ILANIT 2023

The Developmental Regulation of Bicuspid Aortic Valve as Marker to its Presentation in the Adult

Noga Reshef Idit Tessler Shoshi Shpitzen Dan Gilon Guy Kelman Ronen Durst
Cardiology, Hadassah Hebrew University, Israel

Bicuspid aortic valve (BAV) is the most common congenital heart malformation with a prevalence of 0.5-2% in the general population. BAV refers to the fusion of two out of the three leaflets that form the aortic valve, which affects blood flow hemodynamics. BAV has a complex heredity. Our hypothesis is that regulatory elements expressed in the developing heart contribute to the trait. Here we show computationally the possibility that specific combinations of variants contribute to malformation in regulatory elements and play part in BAV formation. Past studies show that variants inside regulatory sequences appear to additively affect the expression of target genes.
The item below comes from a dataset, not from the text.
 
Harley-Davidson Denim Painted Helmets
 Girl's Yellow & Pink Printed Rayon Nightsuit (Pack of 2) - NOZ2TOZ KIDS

Our data includes 480 BAV patients’ genome wide SNPs (OMNI-2.5). We focused on enhancers proven to be active during heart development (enhancer.lbl.gov). We prioritized a list based on the number of SNPs with MAF>0.3 inside enhancers. To further narrow down the list more restrictions were imposed such as the evolutionary stress. We analyzed the frequency of SNP combinations that may seemingly be working together. Using ‘apriori’ we listed the association rules in a representative 5kb enhancer, “mm18”, and found a robust association rule of 3 SNP’s that covers 35% of the cases . The enhancer “mm18” serves as a template for capturing “collaborating” variants. In the future we will work out a systematic plan to expand to greater genomic scales for full exploitation of this method’s potential. This also requires a larger cohort of BAV cases/controls. To this end a release of a 6,000-patient data-bank (BAVCon) is pending authorization.